We have $x^3 = (y-4)(y+4).$ From $\gcd(y-4,y+4)$ divides $(y+4)-(y-4)=8$ and $y+4\equiv y-4\pmod{8}$ it follows that either $\gcd(y-4,y+4)=1$ or $\gcd(y-4,y+4)=8.$ In either case both $y-4$ and $y+4$ must be cubes. The only cubes with the difference 8 are (-8,0) and (0,8), implying that $y=\pm 4$ and $x=0.$

$ (y-4)(y+4)=x^3$ $ y+4 >y-4$ So we take the perpuses: $ 1)$ $ y+4=x^3,y-4=1$(no integers solutions) $ 2)$ $ y+4=x^2,y-4=x$(no integers solutions) So there are no positives integers solutions...

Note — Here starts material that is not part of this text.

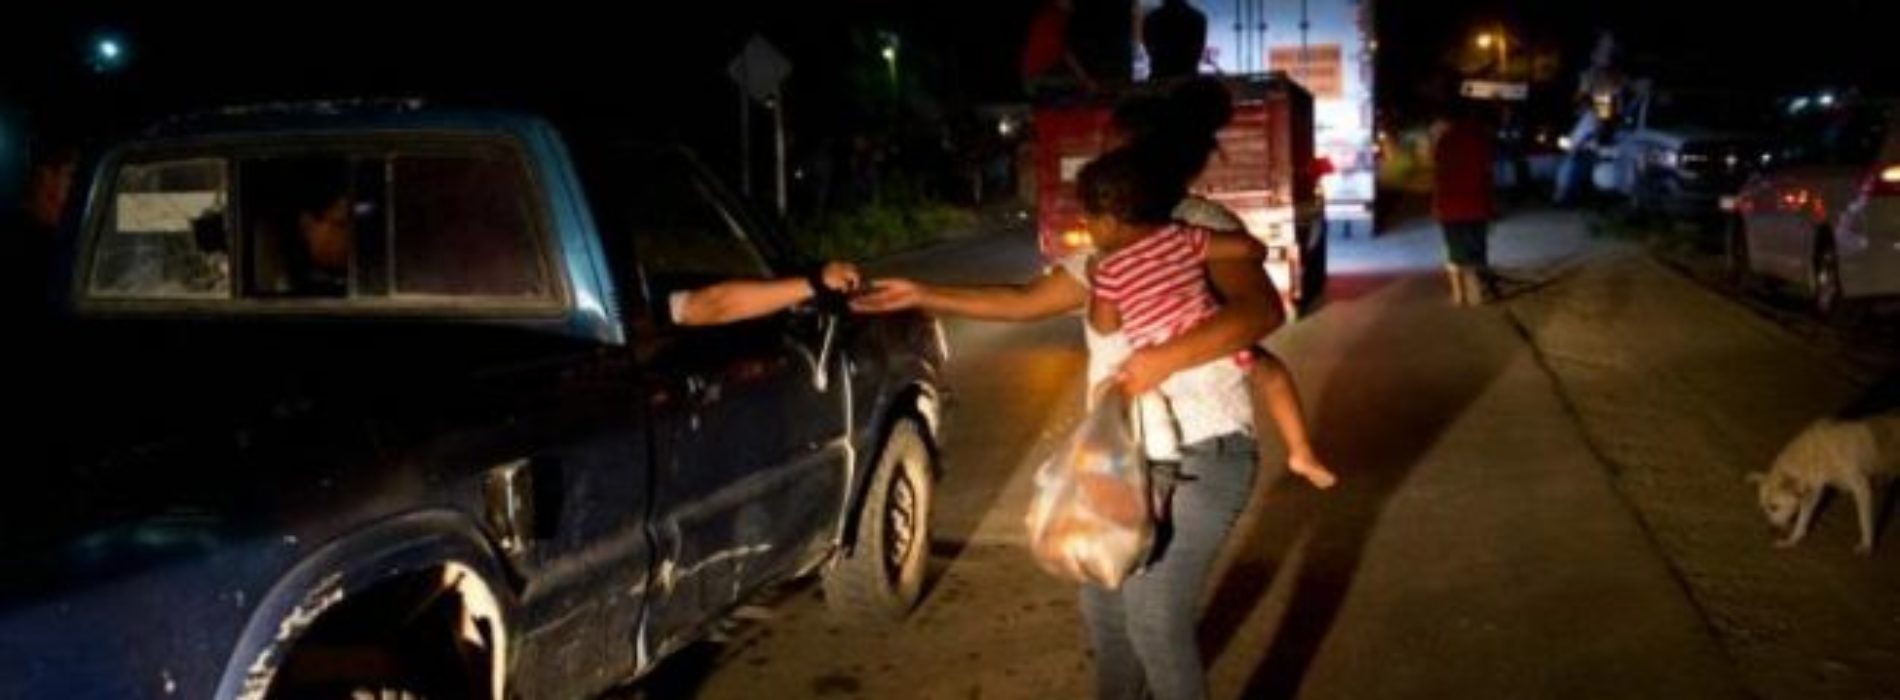 Crimen organizado habría ofrecido «empleo» a integrantes de
la caravana migrante

No, dimitris, your reasoning only works for prime x. For example $ 6^3$ can also be factored as $ (2*3^2)*(2^2*3)$ or similar options.

maxal wrote: We have $x^3 = (y-4)(y+4).$ From $\gcd(y-4,y+4)$ divides $(y+4)-(y-4)=8$ and $y+4\equiv y-4\pmod{8}$ it follows that either $\gcd(y-4,y+4)=1$ or $\gcd(y-4,y+4)=8.$ Hello, maxal! If $y=8$, $\gcd(y-4,y+4)=4$ So we have to consider following cases. Case 1)$\gcd(y-4,y+4)=2$ $y-4=2k$, $y+4=2(k+4) (k:odd)$. Since $4k(k+4)=x^3$, $x=2m$.Then $k(k+4)=2m^3$ which is absurd. Case 2)$\gcd(y-4,y+4)=4$ $y-4=4k$, $y+4=4(k+2) (k:odd)$. Since $16k(k+2)=x^3$, $x=4m$.Then $k(k+2)=4m^3$ which is absurd. Thanks, Takeya.O.